What follows is admittedly dark and some might judge as fucked up, so here’s my disclaimer. These are my views, thoughts and opinions. They are not MDI’s nor the editors of Legacy. I own them completely. If you wish to discuss them, call or text (908) 693-0313.

I am writing this in June 2018. There is a lot in the media about suicide. This is not about that. I don’t purport to understand it and my only naïve antidote to combat it is MDI and organizations like ours because we are a stand for no man being alone. Rather it is about me remembering the two contexts that got me through my youth.

There is no reason to fear anything because suicide is always an option.

And…

No matter how bad things seem, they can always be worse; I could have been born in Hiroshima in 1945.

These are hardly uplifting mantras but they gave me the strength to take on everything and avoid the cesspool of self-pity. They offered me the freedom to be me. Holding on to them both I was in my judgment able to weather some pretty dark stuff and accomplish some fairly incredible things.

Today, I no longer hold the first to be of value because with a 29 year marriage, a family and a series of very deep relationships I get that suicide might leave something of an emotional and physical mess for others to deal with. It is something I prefer not to do. Interestingly, I believe I am now more cautious and risk adverse as a result of putting that one on the shelf. I’ll leave it to others to judge if that’s a good thing.
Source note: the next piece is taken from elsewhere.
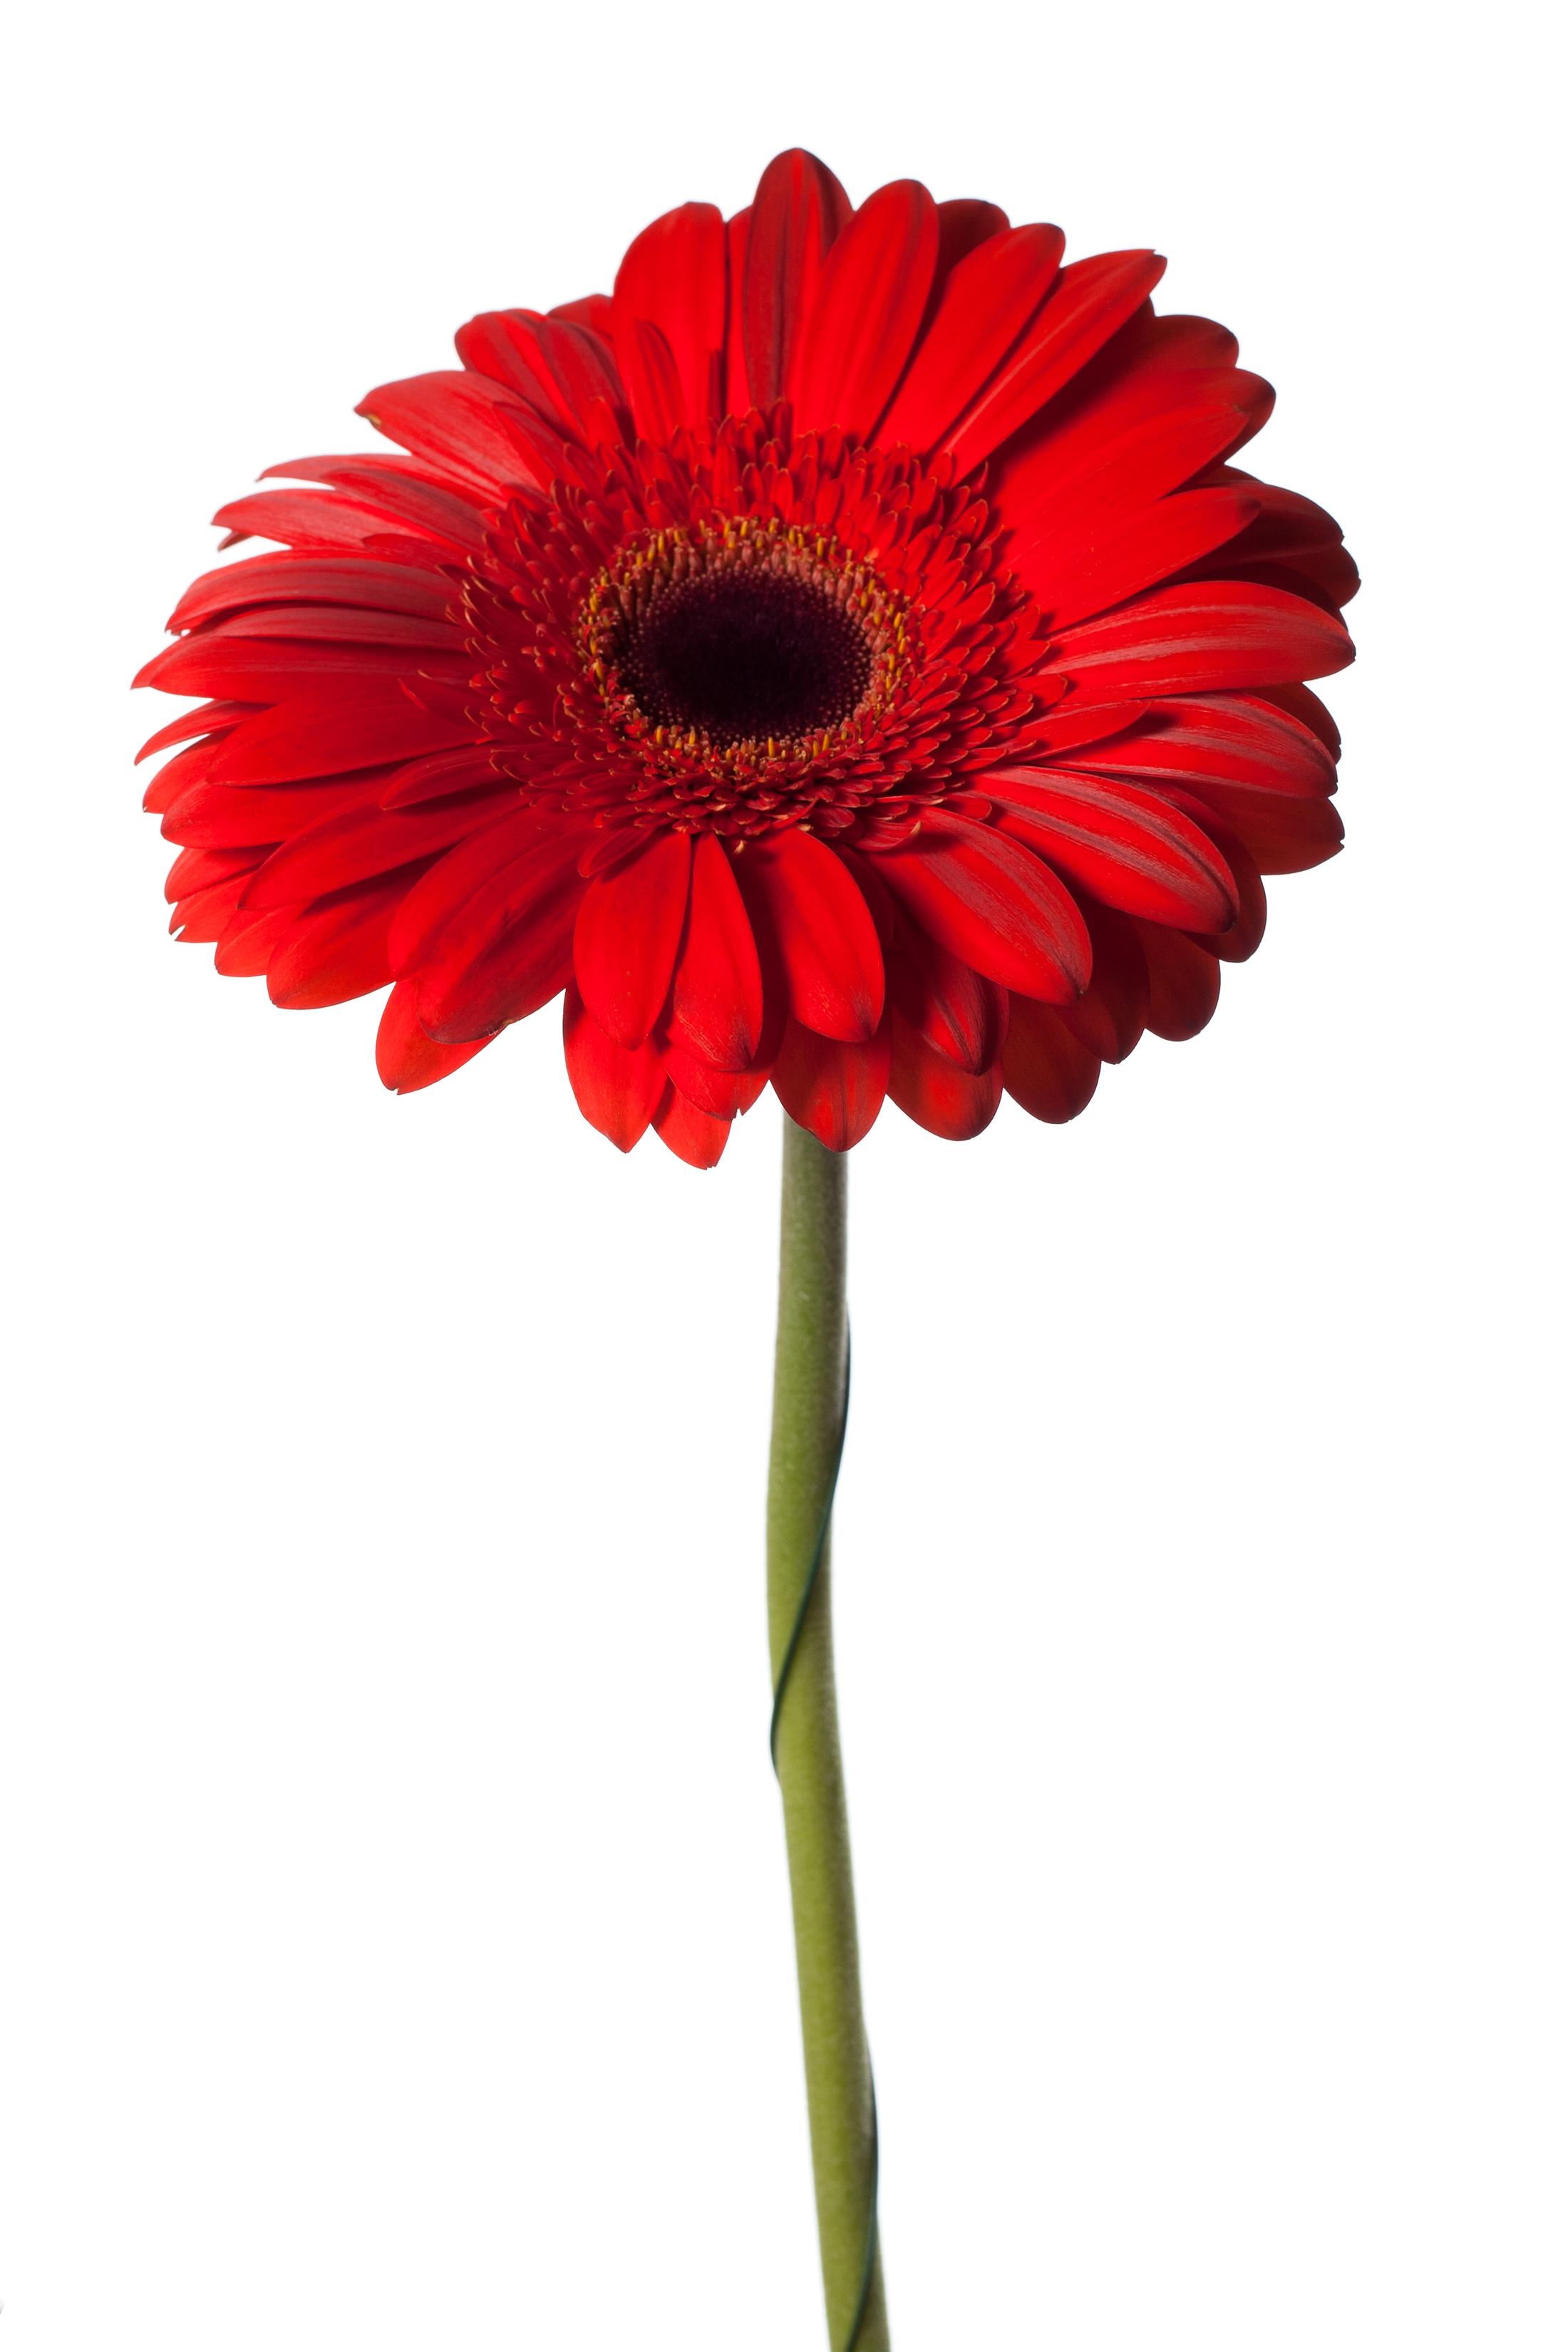 Free Photo Red Flower Plant Petal Spring Free Download Jooinn

As for the second, my adherence to that has shifted as well. When I was younger I had two fears. The first was being trapped in an enclosed space. So I’d go caving a lot and submerge myself in sensory deprivation tanks until I became alright with the stillness. The second was the thought of becoming a paraplegic. I was very physically active, recklessly so, and I couldn’t imagine a life without my physicality. So I selfishly spent a lot of time volunteering to work with disabled kids and for 15 years served on the board of a non-profit that provided housing and social services to adults with developmental disabilities as a way to remind myself, “but for the grace of god…”

Then “GOD” caught up. Three years ago I lost the ability to walk as the result of MS and slowly I am losing my ability to move at all. Kind of ironic. In a sense I am now in my version of 1945 Hiroshima. Time for a new context. These days it’s become a little more immediate.

There’s always one thing I can do to get me a little closer to where I want to be.

I no longer refrain from acting until I have THE answer. I no longer need to be right. And I fully embrace that I can no longer do it alone. Anyone who knows me, knows how hard that last one was to accept.

I have learned and now accept that what I think might be the “one thing” might not move me at all. It could even move me further away. But focusing on one thing makes it easier to act and if necessary adjust.

So while I still hold my original contexts to be true, I no longer have to turn to them if I first ask myself, “What’s the one thing I can do to get a little closer to where I want to be?”